Heparin is an anticoagulant whose molecules are extracted from algae. Researchers have found that it is a more effective antiviral against Covid-19 than the treatment currently in use.
Three variants of heparin were tested in this research conducted in mammalian cells, as well as two fucoidans. All of these materials were extracted from algae. The authors of this study are scientists from the Center for Biotechnology and Interdisciplinary Studies at Rensselear Polytechnic (USA). They published their results in the scientific journal Cell Discovery.

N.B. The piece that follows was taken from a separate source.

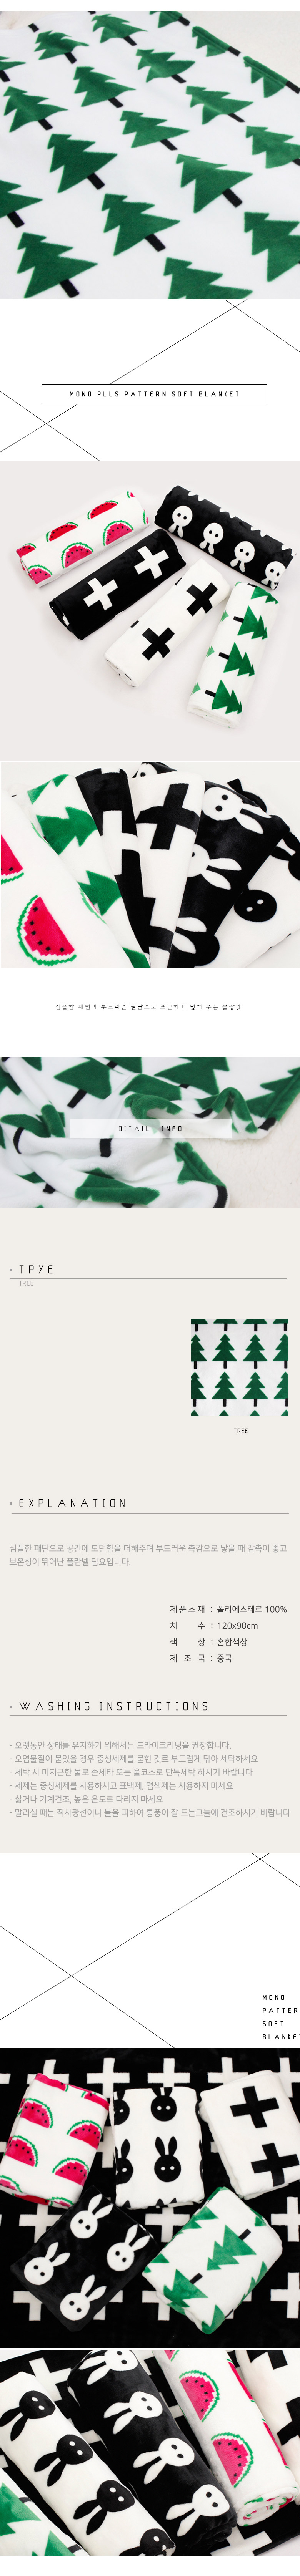 tree_pattern_blanket.jpg

Higher efficacy than remdesivir
The team performed a test called EC50 to determine the effectiveness of these molecules. The lower the result obtained, the more effective the product. Remdesivir, used to treat Ebola patients, is one of the main avenues of treatment against Covid-19 today. It obtained a score of 770 nanomolar in the EC50 test. RPI-27, one of the molecules from algae, gave a value of about 83 nanomolar, heparin showed even greater efficacy with a score of 2.1. No toxicity was observed for these products.
A future nasal spray?
These molecules could make it possible to create new treatments against Covid-19, with different modes of administration. “Current research indicates that the Covid-19 infection starts in the nose, and all of these substances could be a basis for creating a nasal spray,” says Jonathan Dordick, professor of chemical and biological engineering and lead author of the study. If we could just treat the infection when it starts, or even treat it before you get it, we might have a way to block it before it gets into the body. “
A complex mechanism
SARS-CoV-2 has a protein that attaches itself to human molecules and then inserts its genetic material into them. This then allows it to replicate in the body. The heparin-based medicine tricks the virus into attracting and blocking it. “It is a very complicated mechanism, of which we do not know all the details, says the researcher, but we are getting more and more information.” Across the world, dozens and dozens of researchers are working on treatment trials to fight the virus. More than 16 million people have contracted it on the planet.